Der Beschluss der Bundeskanzlerin und den Regierungschefs der Länder vom 28.10.2020 ist daher nicht wirksam, da eine Ermächtigung fehlt. Dies haben zudem die Länder gesehen. So steht am Ende des Protokolls, dass das Land Thüringen dem Bundestagspräsidenten zustimmt, dass die Ermächtigungsgrundlagen für Ausgangssperren, Kontaktverbote und Lockdowns erst noch geschaffen werden muss.

 

Fakt ist also, dass die entsprechenden rechtlichen Grundlagen für sämtliche Beschränkungen und der Betriebsschließungen noch nicht geschaffen sind.

 

Nichts anderes ergibt sich aus den Landesverordnungen.
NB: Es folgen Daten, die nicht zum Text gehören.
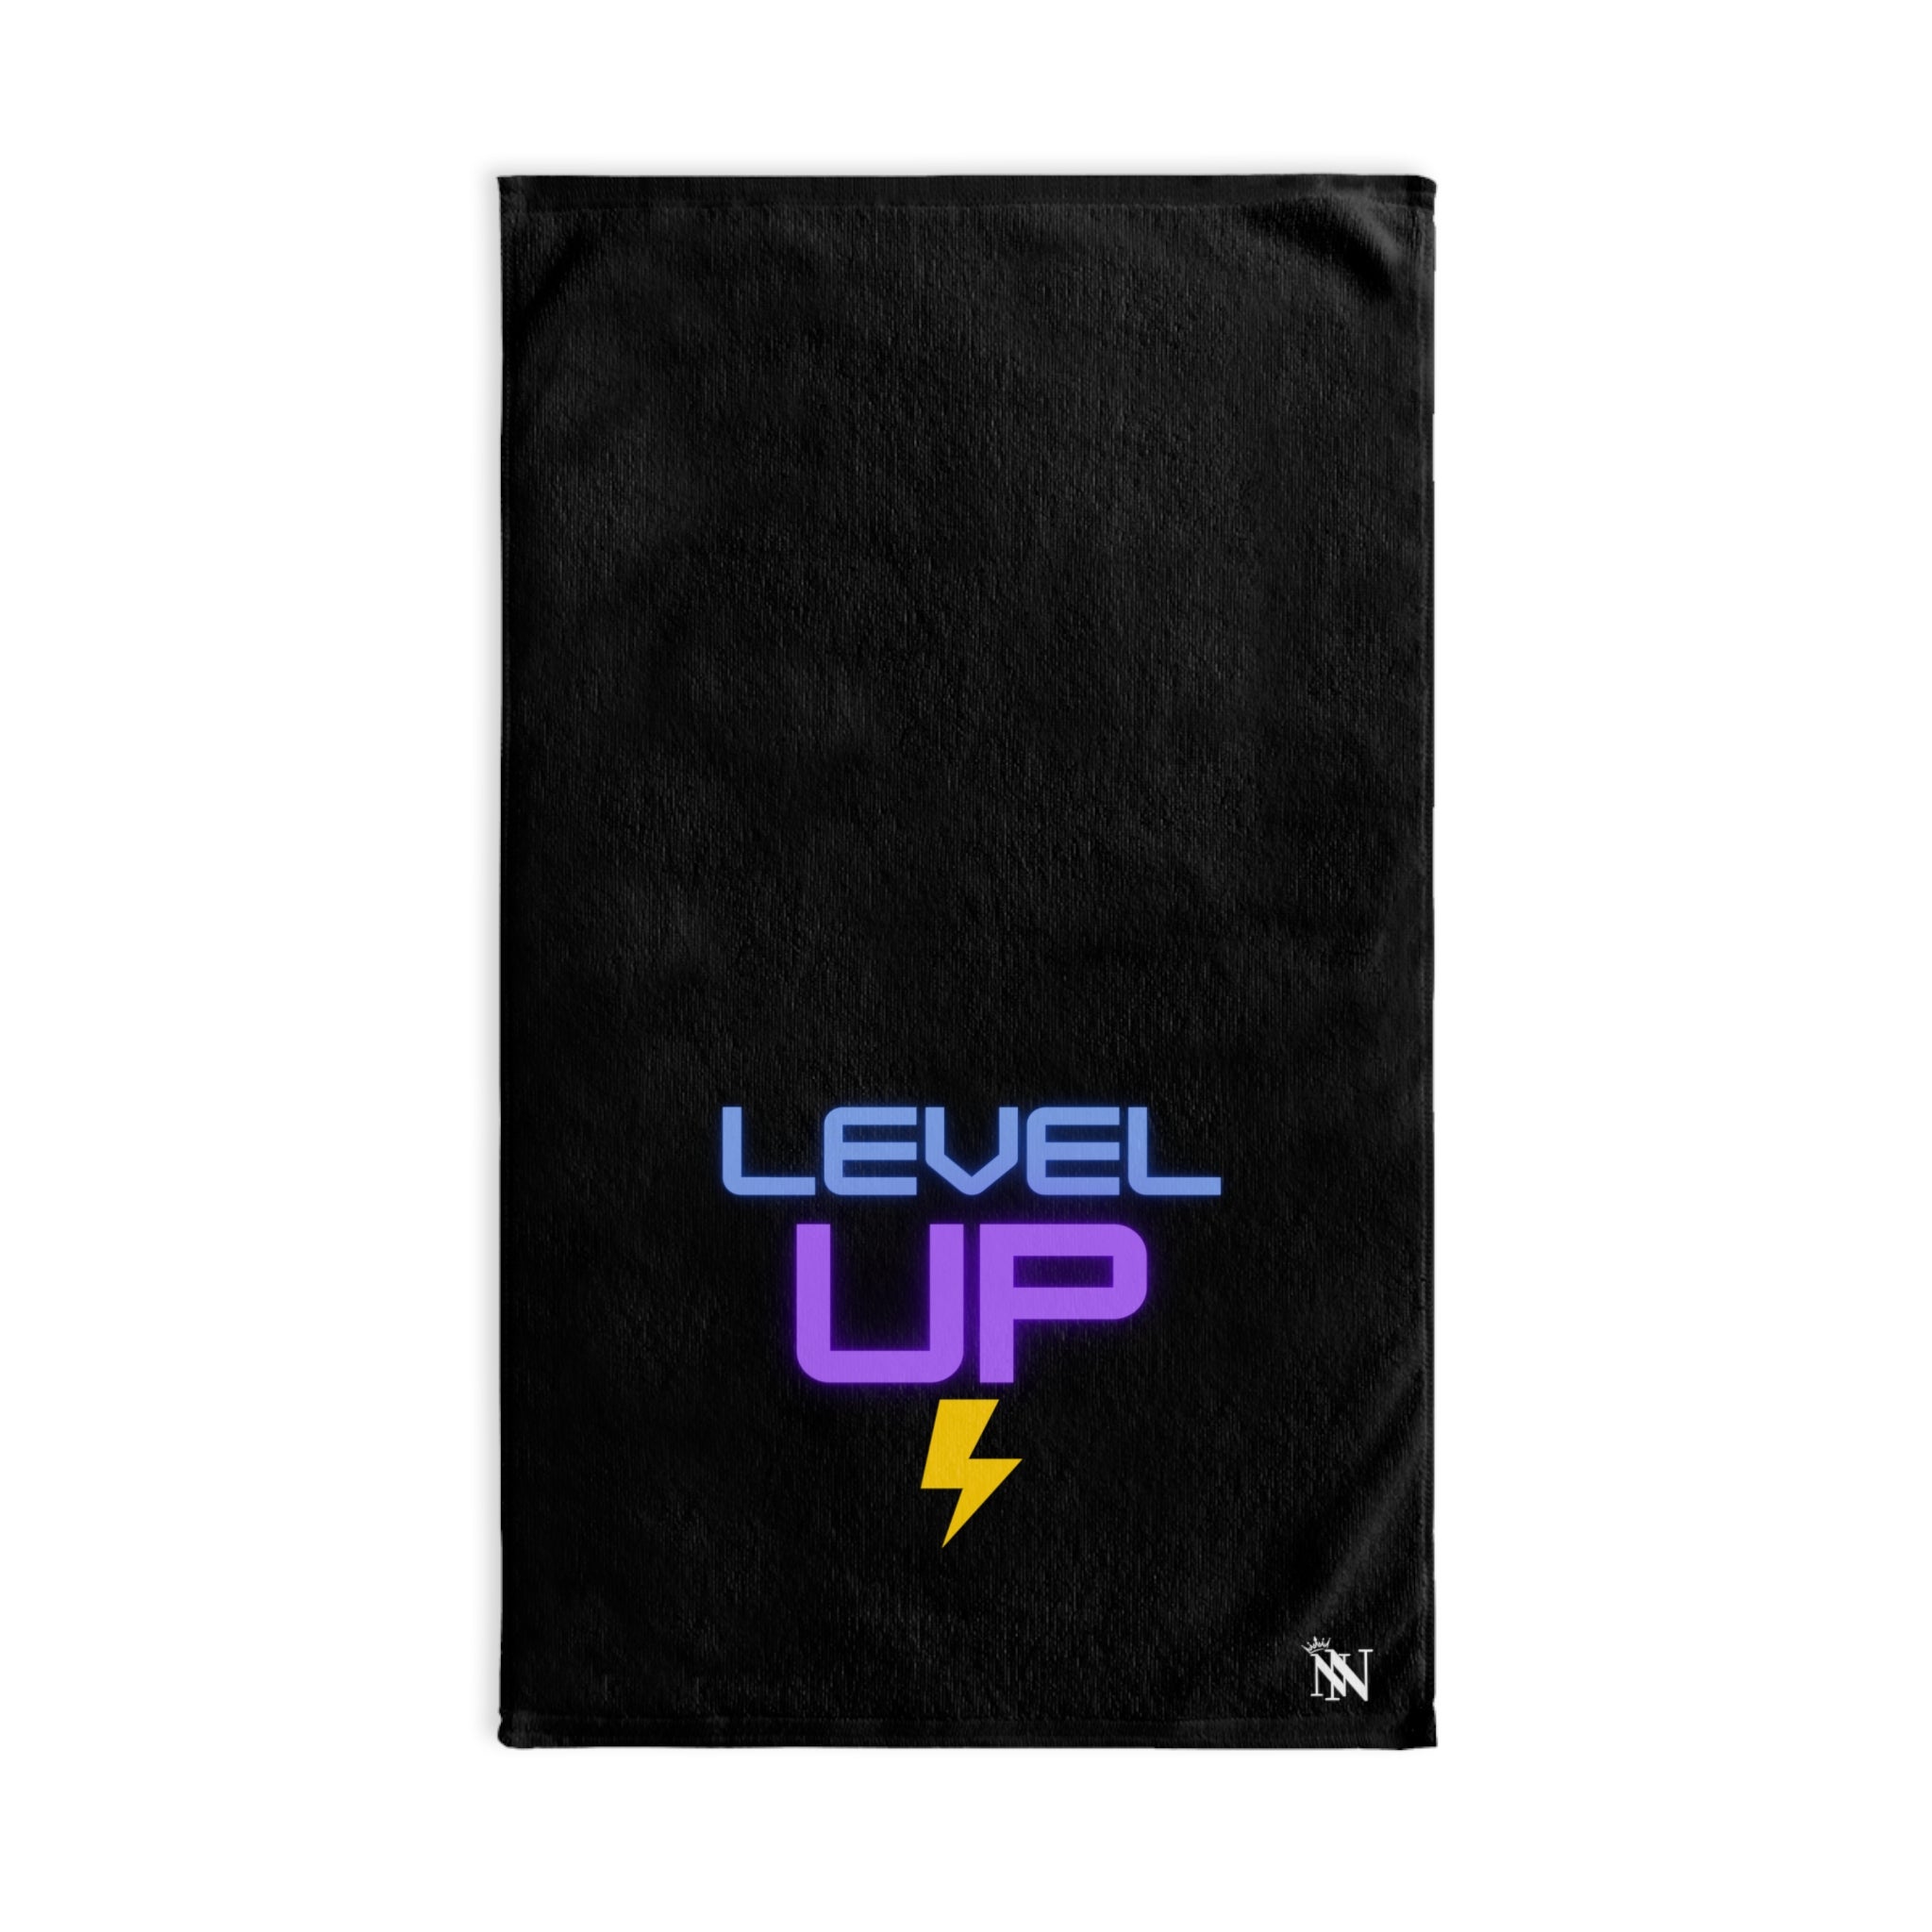 Level Up Black | Sexy Gifts for Boyfriend, Funny Towel Romantic Gift for Wedding Couple Fiance First Year 2nd Anniversary Valentines, Party Gag Gifts, Joke Humor Cloth for Husband Men BF NECTAR NAPKINS

Zwar sind die Landesregierungen dazu ermächtigt, entsprechende Verordnungen zu erlassen.

 

Verkannt wird dabei jedoch, dass zum einen aufgrund der nur teilweise angeordneten Schließungen eine ungerechtfertigte Ungleichbehandlung gemäß Art. 3 Abs. 1 GG. Dabei ist nicht auf das Öffnen von notwendigen Betrieben abzustellen, sondern es werden Vergleich gezogen, warum die Friseurbetriebe geöffnet bleiben dürfen unter Einhaltung eines Hygienekonzepts, während andere Dienstleistungsbetriebe,  wie Tattoo- und Piercingstudios, Nagelstudios, Kosmetikstudios schließen müssen.

 

Viel wichtiger ist dabei jedoch, dass nicht nur Art. 3 Abs. 1 GG verletzt wird, sondern ebenfalls das Recht auf Berufsfreiheit gemäß Art. 12 Abs. 1 GG.

 

Hervorzuheben ist, dass § 16 IfSG eine Ermächtigungsgrundlage für den Eingriff in die Grundrechte der Unverletzlichkeit der Wohnung, der Freizügigkeit und allgemeinen Handlungsfreiheit schafft. Einen Eingriff in die Berufsfreiheit sieht daher bereits das Infektionsschutzgesetz nicht vor.

 

Zum anderen sind die Schließungen nicht verhältnismäßig. In der Vergangenheit hat sich bereits gezeigt, dass in den geschlossen Dienstleistungsbetrieben, wie Nagelstudios, aber auch Restaurants, eine Infektion mit dem Covid-19-Virus kaum bis nicht vorlag.

 

Es bestehen zudem Hygienekonzepte, welche eingehalten werden. Diese Hygienekonzepte werden auch in anderen Betriebsbereichen, wie dem Einzelhandel, welcher nicht untersagt wurde, umgesetzt und für ausreichend empfunden, um die Ausbreitung der Virus weiter einzudämmen.

Dies gilt ebenfalls für Friseurbetriebe.

 

Warum sollte dies also nicht für andere Dienstleistungsbetriebe gelten?

Kann eine solche Differenzierung überhaupt vorgenommen werden?

 

Aus den vorgenannten Gründen dürfen bereits die ersten Betriebe, so Piercing- und Tattoostudios, im Saarland wieder öffnen, da die Verordnung wohl nicht rechtmäßig ist. Im Eilverfahren haben die Senate entschieden, dass bis zur endgültigen Klärung, die Betriebe wieder öffnen dürfen.

 

Bei dem Vorgenannten stellt sich jedoch die Frage: Hätten die Betriebe überhaupt geschlossen werden dürfen unter den Anforderungen des § 16 IfSG?

 

Die Antwort darauf ist klar: Nein!

Denn die Umsetzung der Hygienekonzepte ist bei stringenter Einhaltung ausreichend genug, damit die Ausbreitung des Virus verhindert wird.